The COVID-19 pandemic has clearly shown the extent of inequalities worldwide and the loopholes of the crisis management system of the organizations. This has made investors more aware of the social component of ESG. Thus, the pandemic has created an opportunity to introduce financial and business innovations that bridge, if not eliminate these inequalities, to create more inclusive and equitable societies.

A Harvard University study found that the social concept of ESG is “seriously under-conceptualized and fails to draw substantive and procedural human rights standards.” It is expected that the above scenarios will witness improvements in 2021.

Increased focus on corporate social responsibility (CSR)

As observed above, there are notions that the social factor or component of ESG lags behind the other two factors in terms of both studies and practical applications.
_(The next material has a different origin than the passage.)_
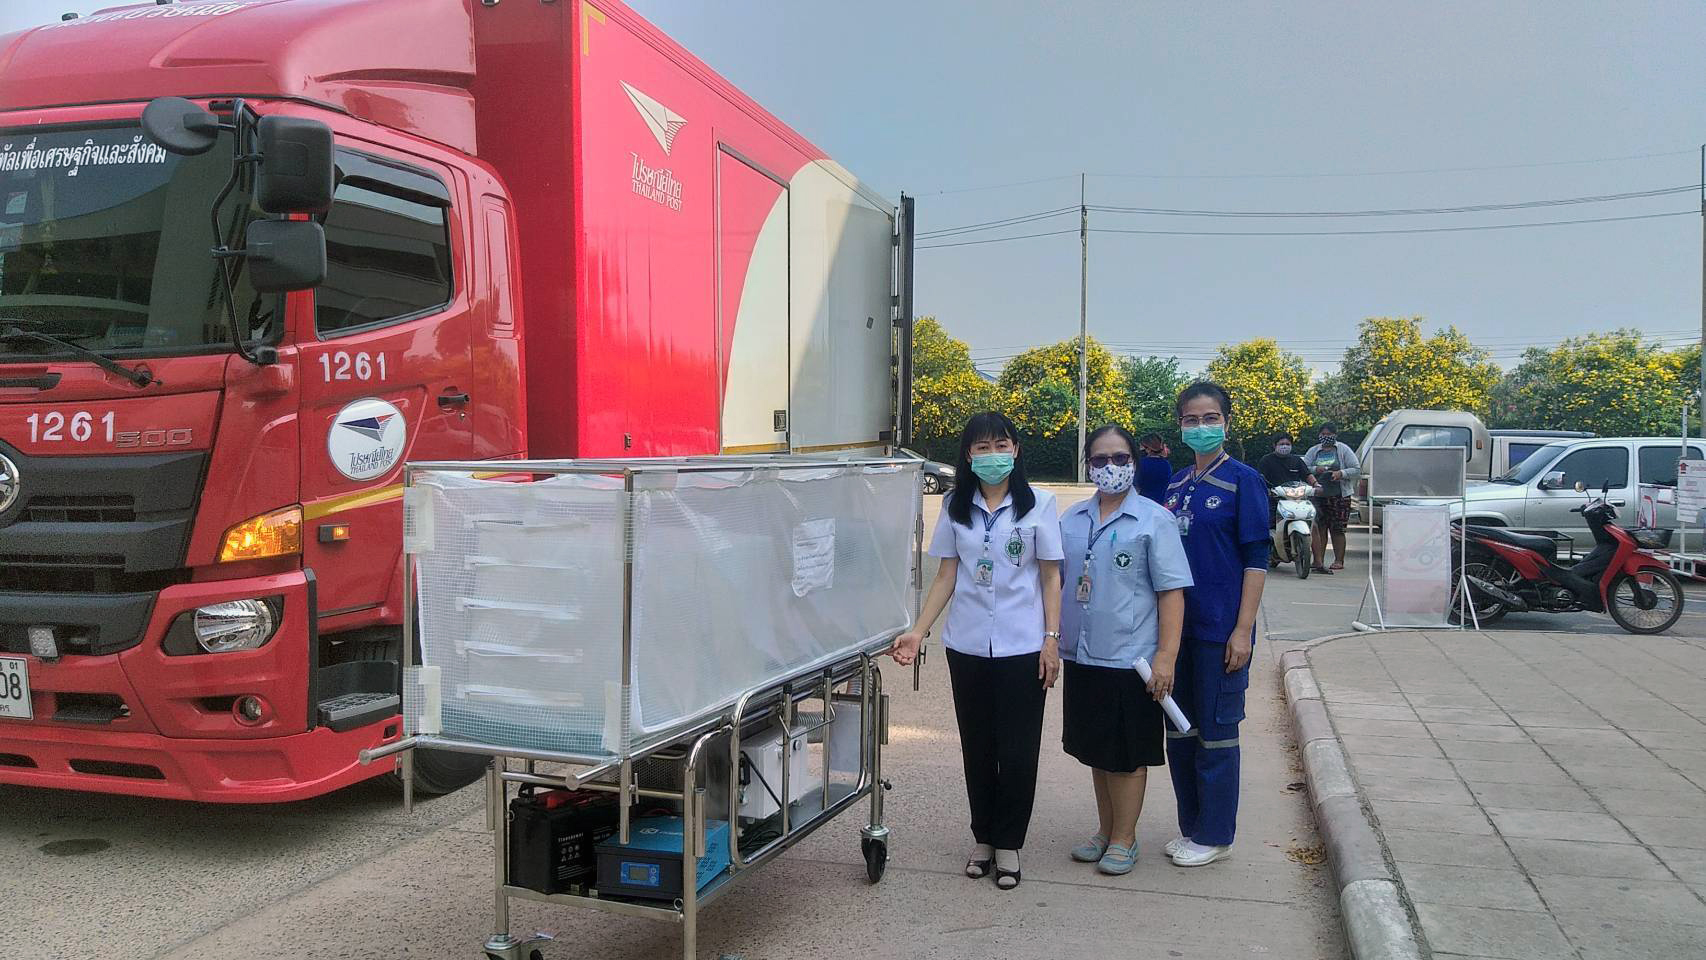 ปรษณีย์ไทย ส่งต่อน้ำใจคนไทย กว่า 3 แสน กก. เผย หน้ากากอนามัย ชุดป้องกัน PPE เป็นสิ่งที่บุคลากรทางการแพทย์ ต้องการสูงสุด

This should experience some changes in 2021, thanks to the COVID-19 pandemic, whose impact on society, politics, and labour relations has been immense. 

The ways businesses manage their employees and the social and political environments in which these employees operate will be pivotal in terms of long-term organizational survival, profitability, and capacity to attract investor funds. 

Hydrogen slowly but steadily emerging as an alternative fuel.

Lately, hydrogen fuel has witnessed a resurgence as an anti-climate change fuel option and has been recognized by some government’s sustainable recovery and economic growth policies. Governments that have made it a priority include the UK, Germany, the Netherlands, the EU, and the US, which has October 8 as National Hydrogen and Fuel Cell Day. Funding is also not in short supply – Germany provided 7 billion Euros some time ago for increased efforts in hydrogen technologies. 

Hydrogen fuel is attracting increased attention because of its zero-carbon nature when burnt with oxygen. It transforms into water vapour, making it very ideal for situations where there are no substitute technologies for internal combustion. It also holds some promise for renewable energy storage.

But several impediments have stalled the wide use of hydrogen as fuel, notably ineffective production methods. However, with the introduction of new, climate-change-friendly ways of production, 2021 is likely to be a year of significant consolidation in the exploration and ultimate adoption of hydrogen.


ESG investing tries to address mainly environmental and socio-governance challenges that arise from investments. Since it emerged several decades ago, it has been expanding in scope and adoption. More investors are inclined towards it because of the social capital it provides.